2MePI

Clinical data
- Drug class: Serotonin receptor modulator; Serotonin 5-HT_{2A} receptor weak partial agonist or functional antagonist
- ATC code: None;

Identifiers
- IUPAC name 2-methyl-1,3,4,5-tetrahydropyrido[4,3-b]indole;
- CAS Number: 5094-12-2;
- PubChem CID: 97424;
- ChemSpider: 87935;
- ChEMBL: ChEMBL1984135;
- CompTox Dashboard (EPA): DTXSID30198969 ;

Chemical and physical data
- Formula: C_{12}H_{14}N_{2}
- Molar mass: 186.258 g·mol^{−1}
- 3D model (JSmol): Interactive image;
- SMILES CN1CCC2=C(C1)C3=CC=CC=C3N2;
- InChI InChI=1S/C12H14N2/c1-14-7-6-12-10(8-14)9-4-2-3-5-11(9)13-12/h2-5,13H,6-8H2,1H3; Key:FYHWPFXPFFPQRT-UHFFFAOYSA-N;

= 2MePI =

2MePI, also known as 2-methyl-2,3,4,5-tetrahydro-1H-pyrido[4,3-b]indole, is a serotonin receptor modulator of the pyridoindole (γ-carboline) family. It is the pyridoindole homologue of the ibogalog (azepinoindole) ibogaminalog (DM-506).

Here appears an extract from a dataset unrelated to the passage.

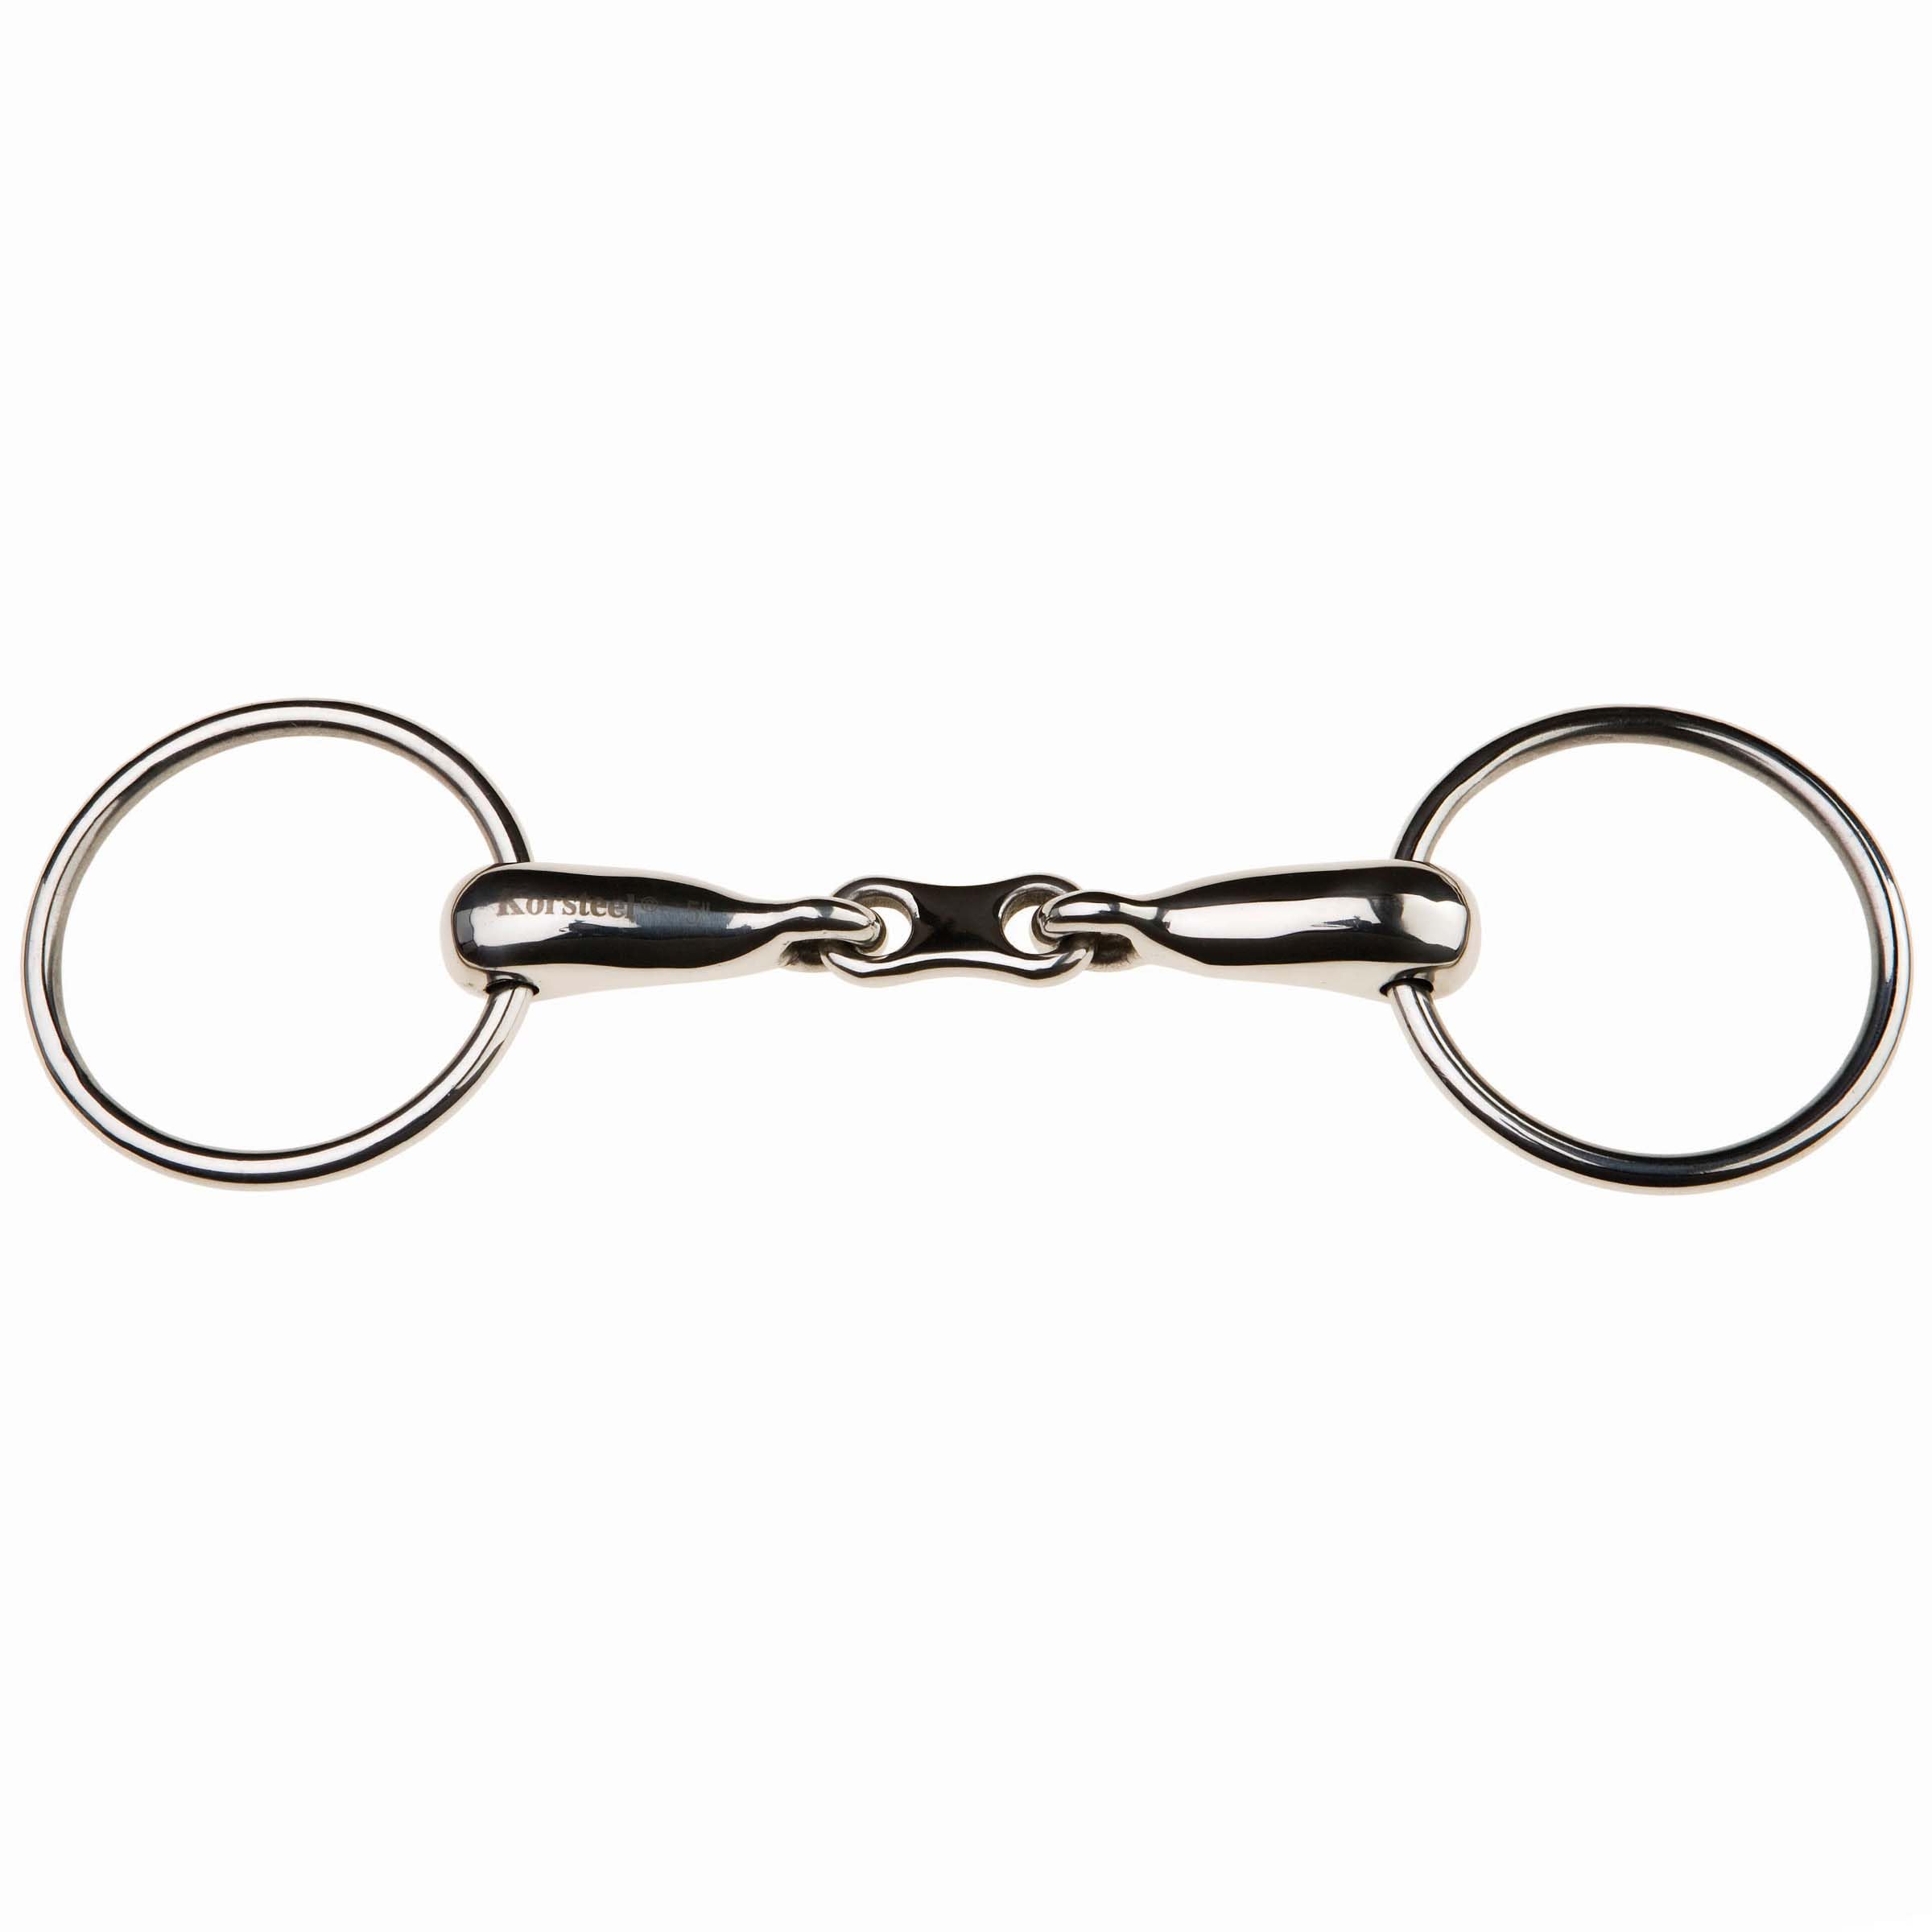 korsteel Hohl Mund Loose Ring French Link Snaffle, N/A 15,2 cm

The drug acts as a weak partial agonist or functional competitive antagonist of the serotonin 5-HT_{2A} receptor, with an affinity (K_{i}) of 95 nM, an EC_{50} (E_{max}) of 533 nM (32%), an apparent IC_{50} of 3,100 to 18,000 nM, and a K_{B} of 89 to 228 nM. Compared to ibogaminalog, 2MePi had 5-fold lower affinity, 59-fold lower activational potency, and less than half the activational efficacy at the serotonin 5-HT_{2A} receptor. Results were analogous for 8MeO-2MePI against ibogainalog (8MeO-2MePI's ibogalog homologue). These findings indicate that ibogalogs are the more optimal structural scaffold for serotonin 5-HT_{2A} receptor agonism.

2MePI was first described in the scientific literature by Matthias Liechti and colleagues in 2026.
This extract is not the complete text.